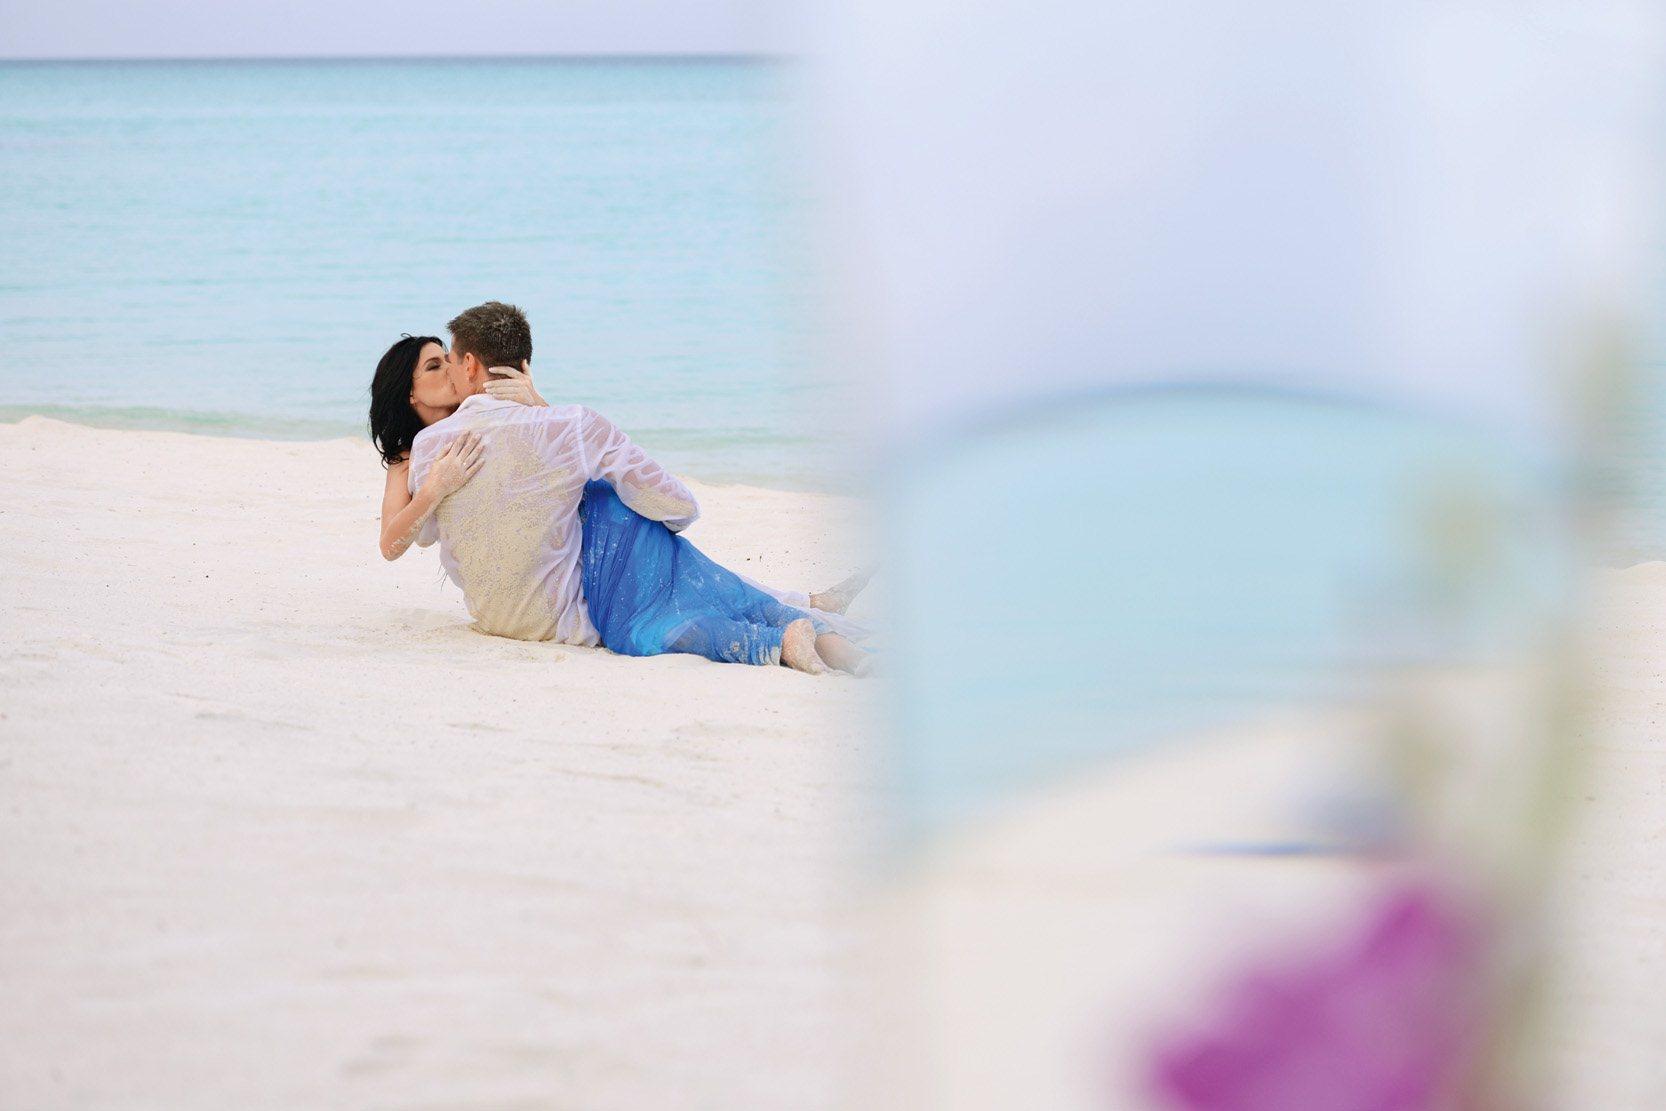 Елена темникова и дмитрий сергеев фото свадьбы
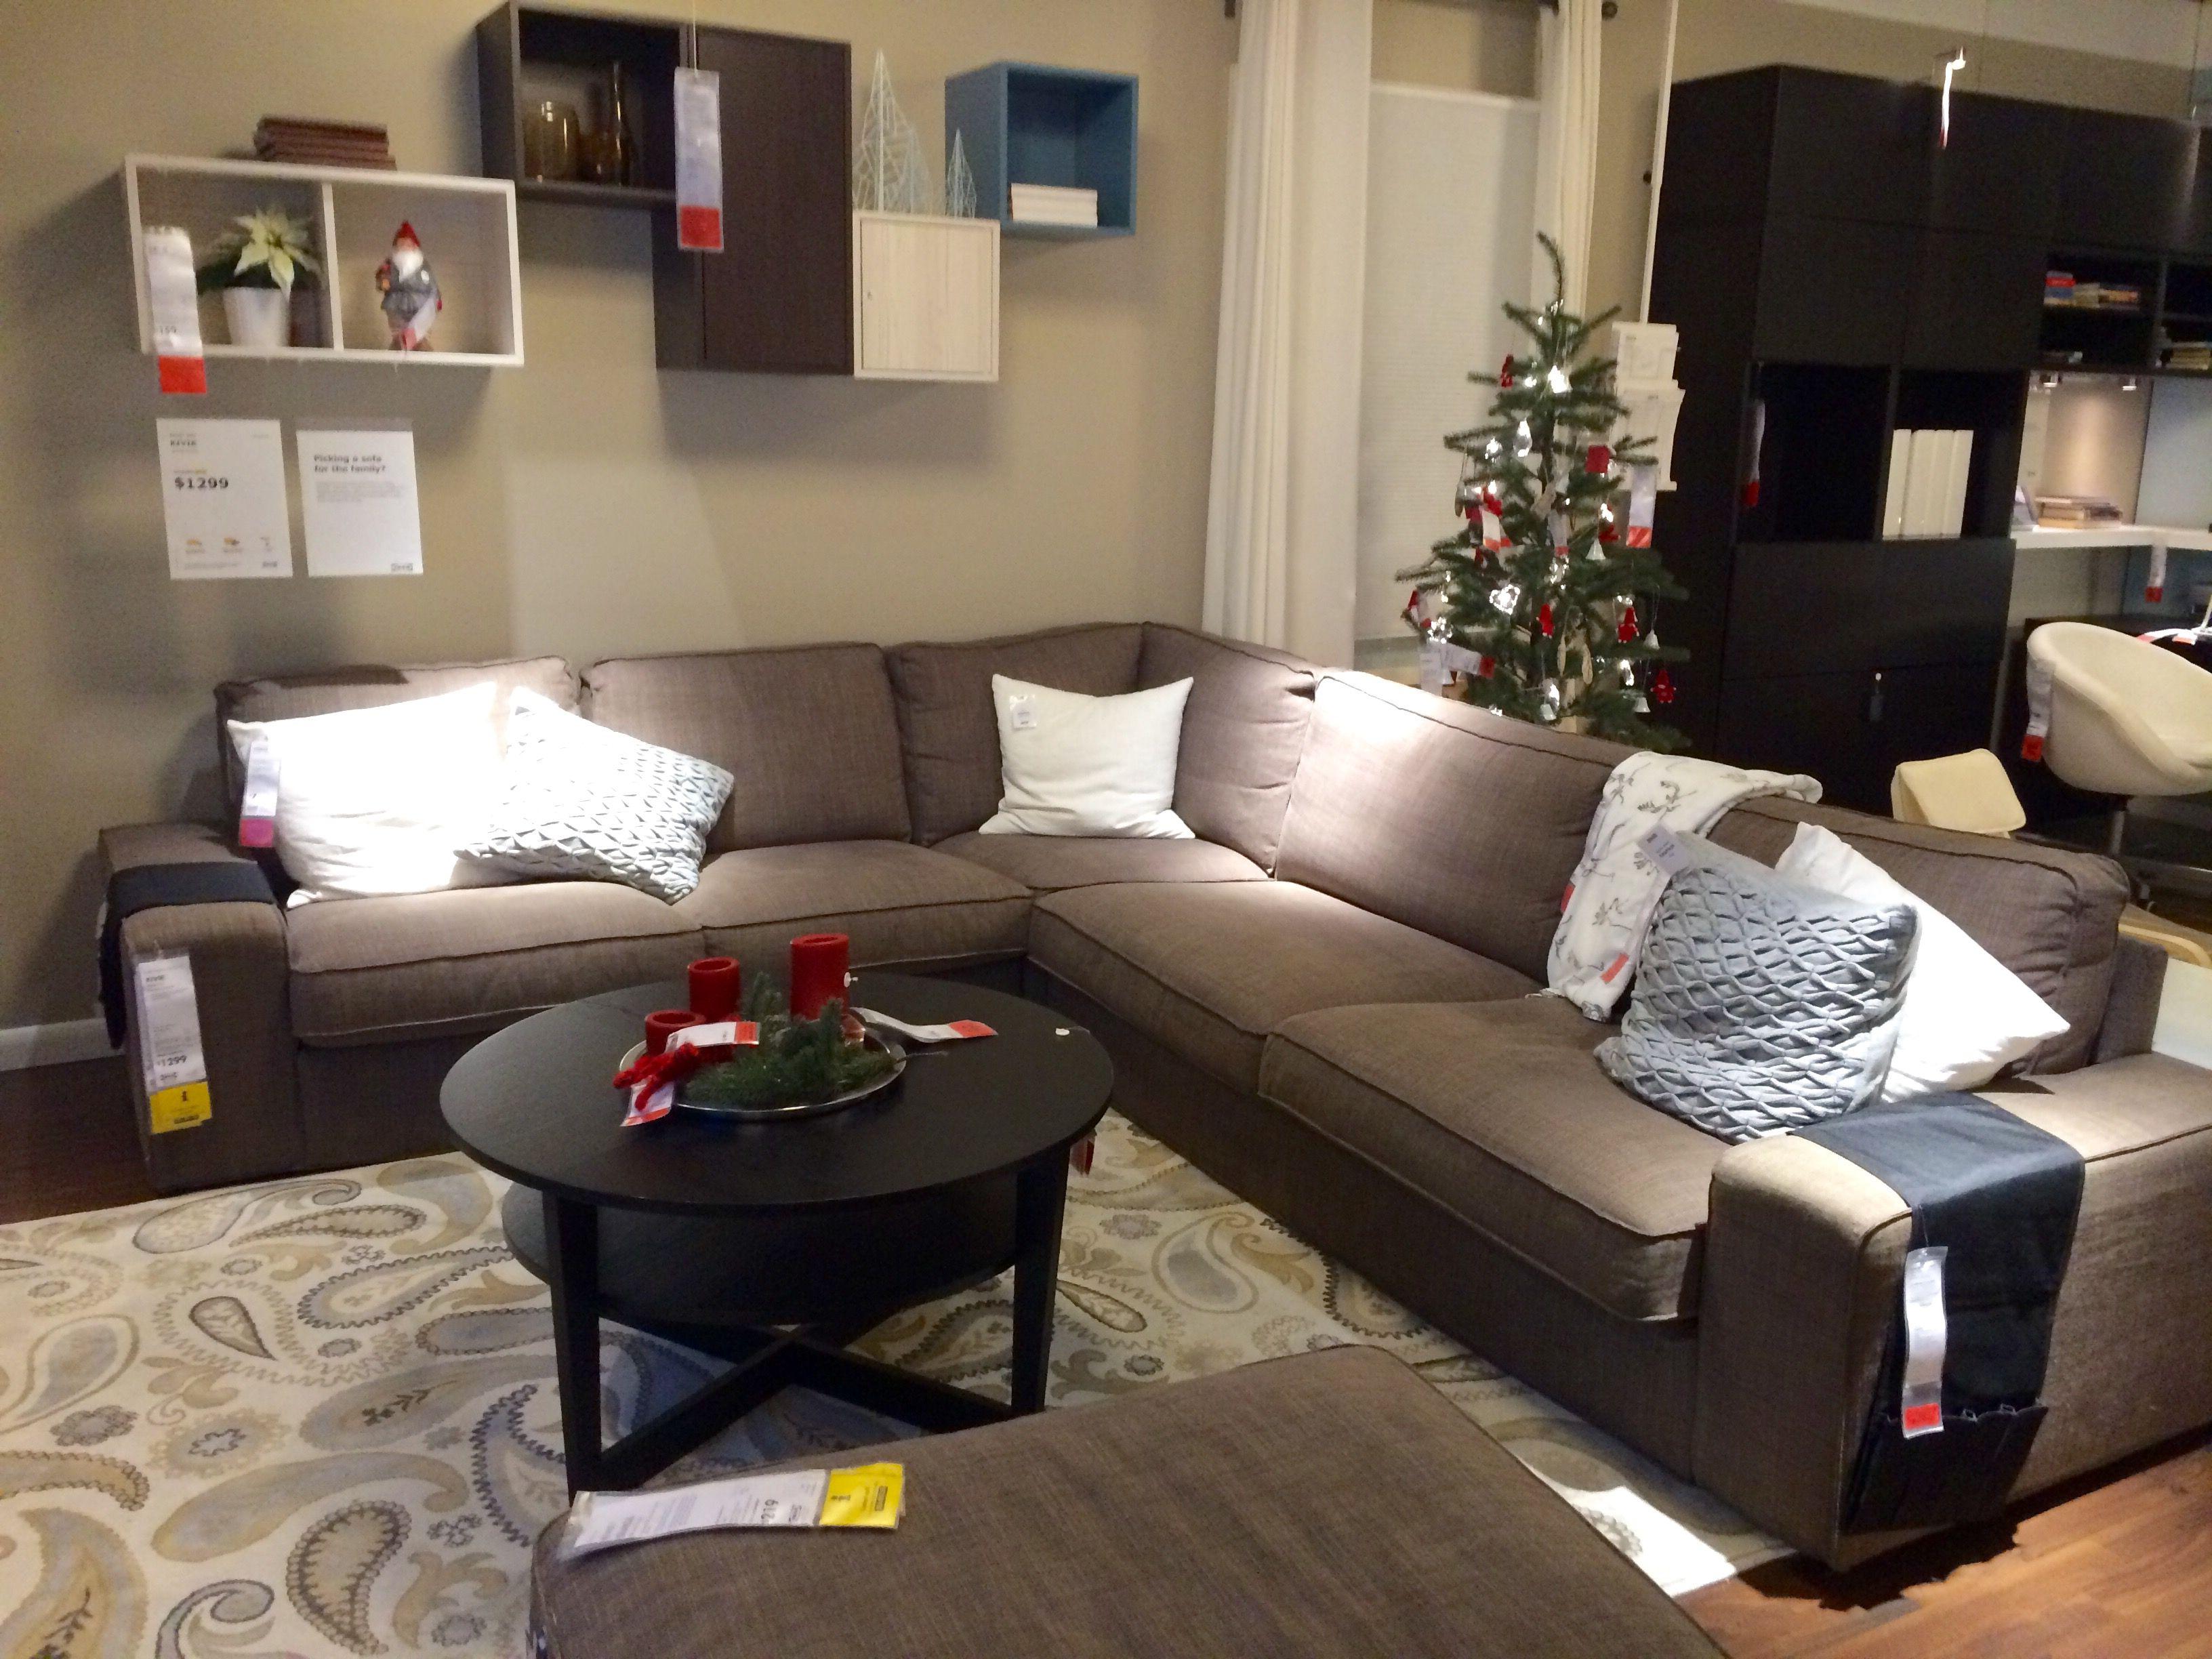 Ikea Kivik Sectional Sofa Ikea Living Room Furniture Cheap
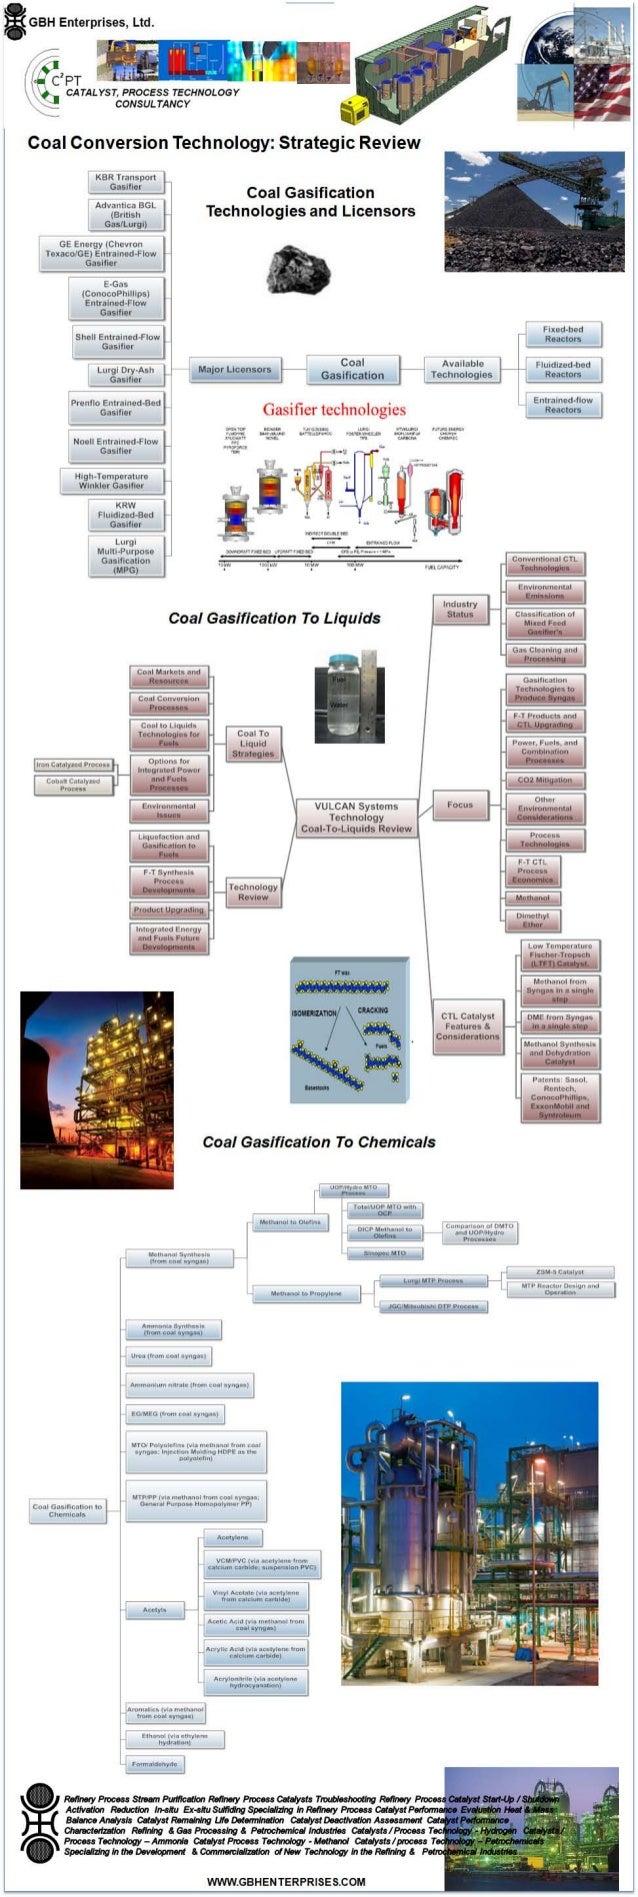 pdf besonderheiten bei der bewertung von kmu planungsplausibilisierung steuern kapitalisierung

◆ ◆ ◆

Problem details: Pictures are to be left out; the listing above is otherwise to be copied exactly.

The answer:
 Елена темникова и дмитрий сергеев фото свадьбы
 Ikea Kivik Sectional Sofa Ikea Living Room Furniture Cheap
 pdf besonderheiten bei der bewertung von kmu planungsplausibilisierung steuern kapitalisierung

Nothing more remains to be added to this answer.